Я колебался. Желая, во что бы то ни стало, заручиться моим согласием, он всячески стал меня ублажать. Он подзывал к нам красивых женщин, жен и дочерей известных архитекторов и крупных строительных магнатов, и меня с ними знакомил. В конце концов, я остановил свой выбор на девушке-ассистенте старой архитектурной фотографини-лесбиянки, лишь после этого дав ему свое окончательное согласие.
Звали ее Дорис Крюгер, и лесбиянка-фотографиня, похожая на крокодила, готова была меня проглотить на месте за то, что я с ней флиртую. Но в тот момент мне было на все глубоко насрать. Дорис жила недалеко от центра – на Зибенштернгассе, и я пошел ее провожать. В итоге она пригласила меня домой. Она пыталась выведать у меня причину такой благосклонности Хайдольфа, которого она считала очень крутым, и еще по дороге я начал рассказывать ей о Сибири.
Однако, оказавшись в квартире наедине с Дорис, меня вдруг как перемкнуло. Такие моменты у меня, к сожалению, бывают. Я почувствовал себя неловко, не знал, что сказать, и что сделать, хотя все было ясно и так. Она хотела любви, а я вдруг закомплексовался. Не зная, как вывести меня из ступора, и желая чем-то помочь, Дорис села на диван и пригласила меня сесть рядом.
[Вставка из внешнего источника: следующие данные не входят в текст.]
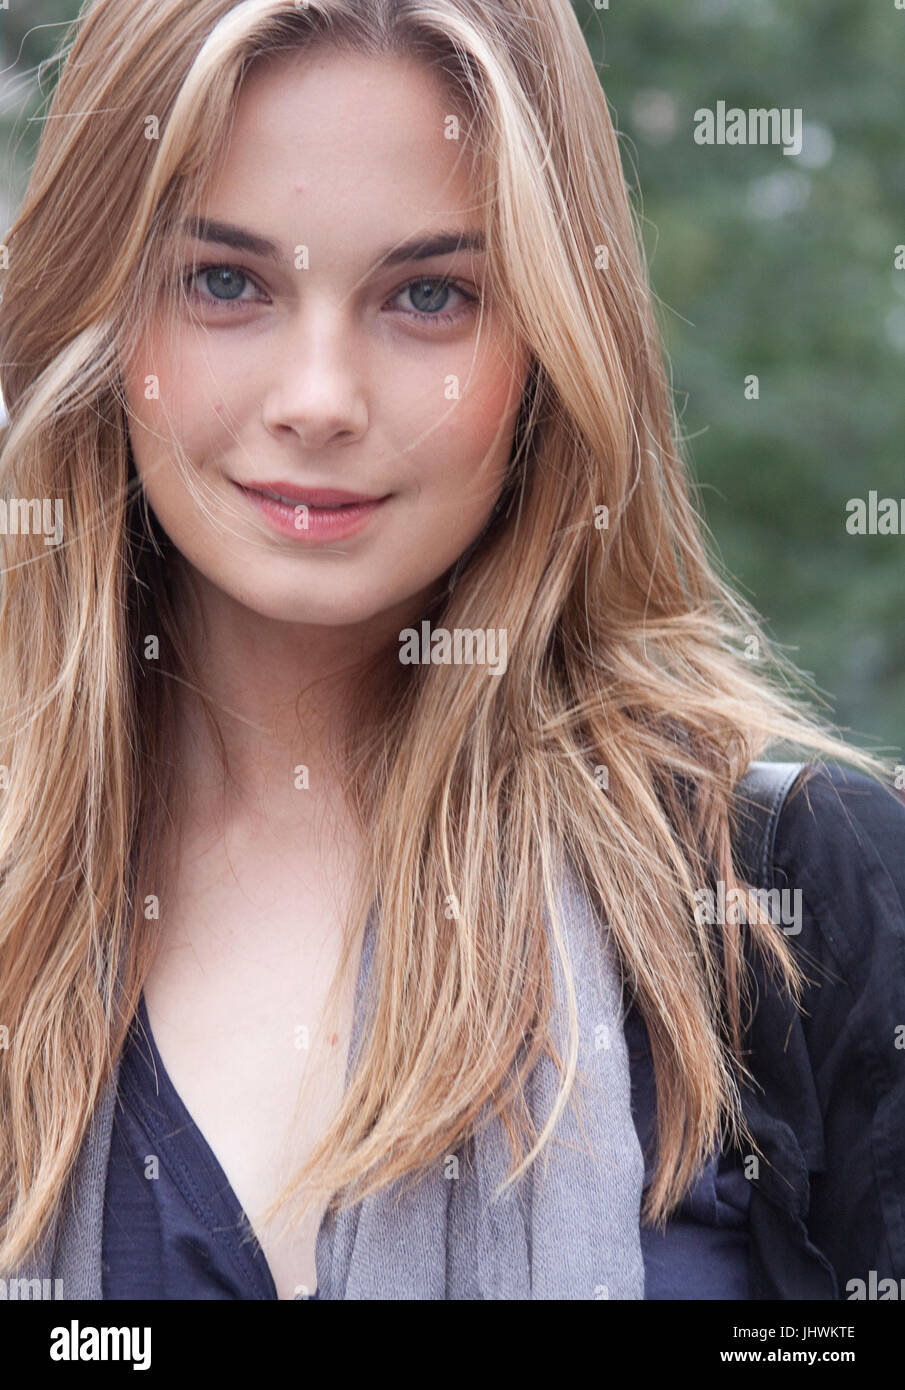 Beautiful Glowing skin Professional Makeup beauty portrait of Fashion model during New York Fashion Week Stock Photo
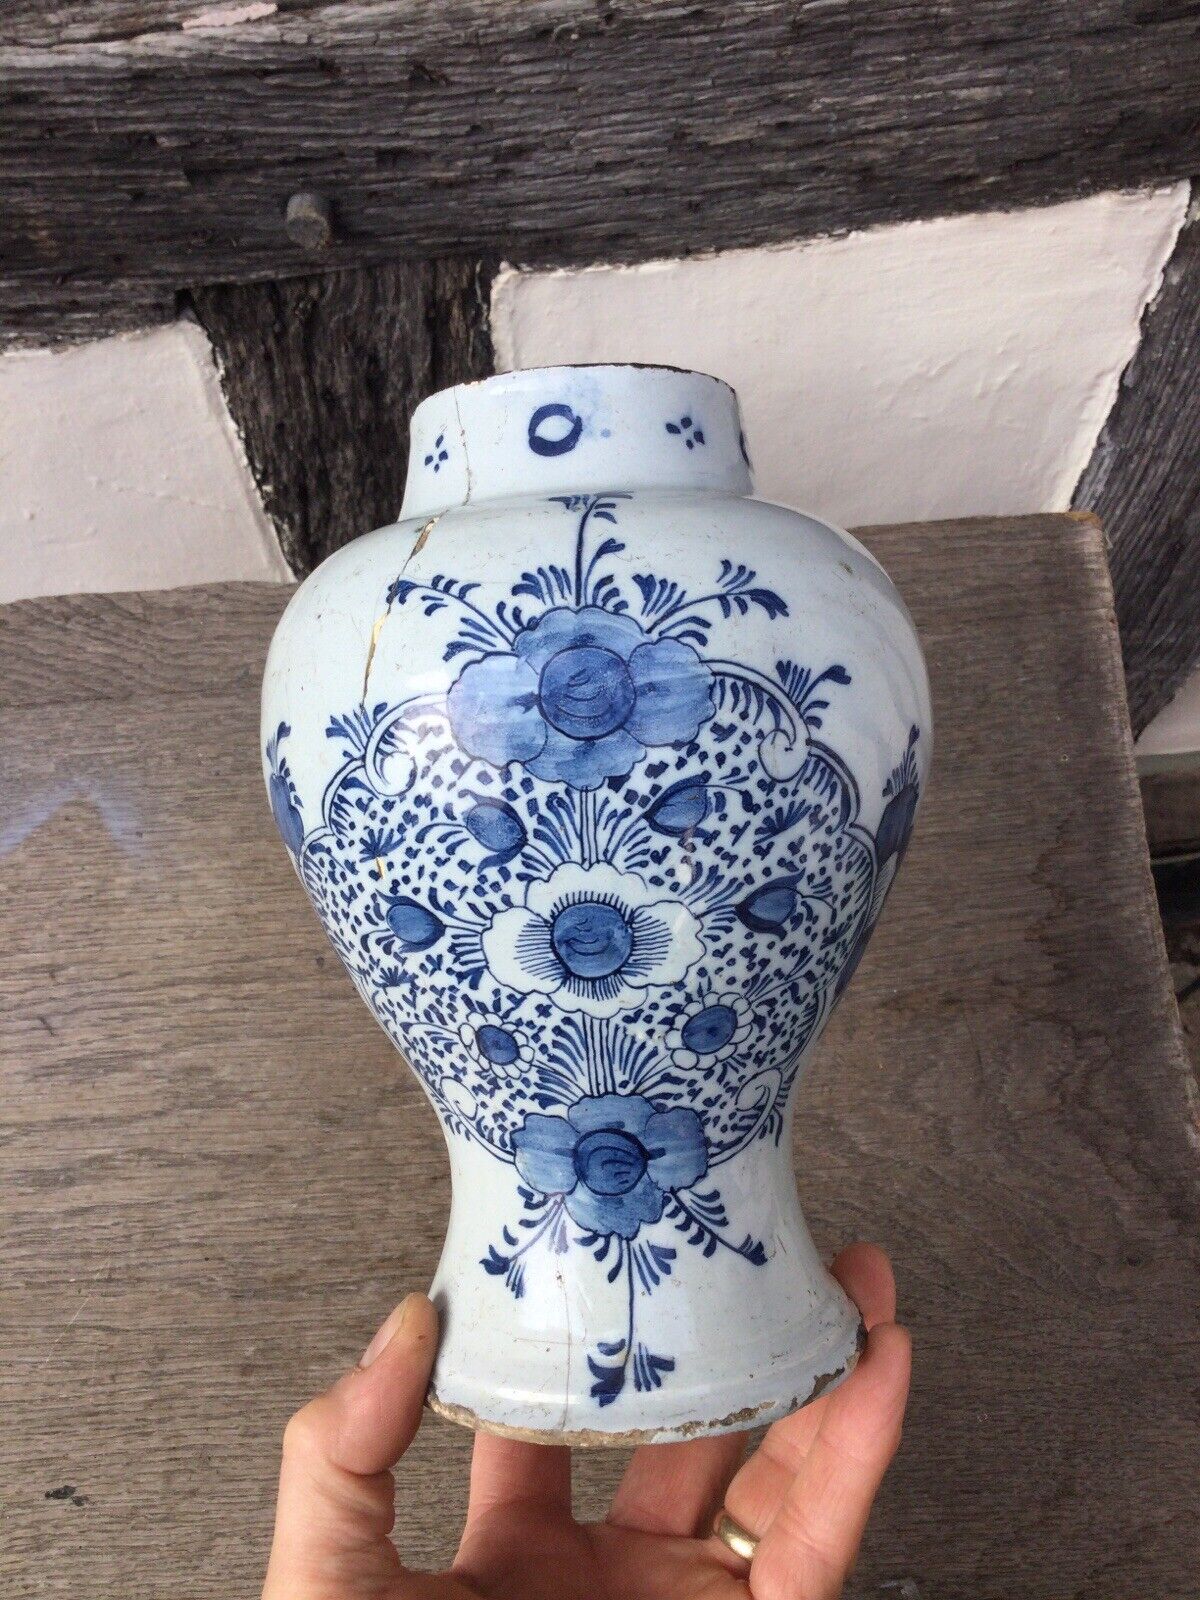 A Lovely Original Antique 18th Century Dutch Delft Pottery Jar or Vessel

Затем она сняла с навесной полочки атлас и, раскрыв его на карте России, спросила меня:
– Покажи мне, откуда ты!
Увидев знакомые очертания Сибири, я тут же пришел в себя, словно сбросив какое-то наваждение и чувствуя в себе возвращающуюся наглость.
– Отсюда! – сказал я, уверенно отметая в сторону атлас и хватая ее за пизду.
Затем Дорис курила маленькую деревянную трубочку, набитую благородным табачком с запахом дикой вишни, и это был один единственный раз в моей жизни, когда курение меня не раздражало.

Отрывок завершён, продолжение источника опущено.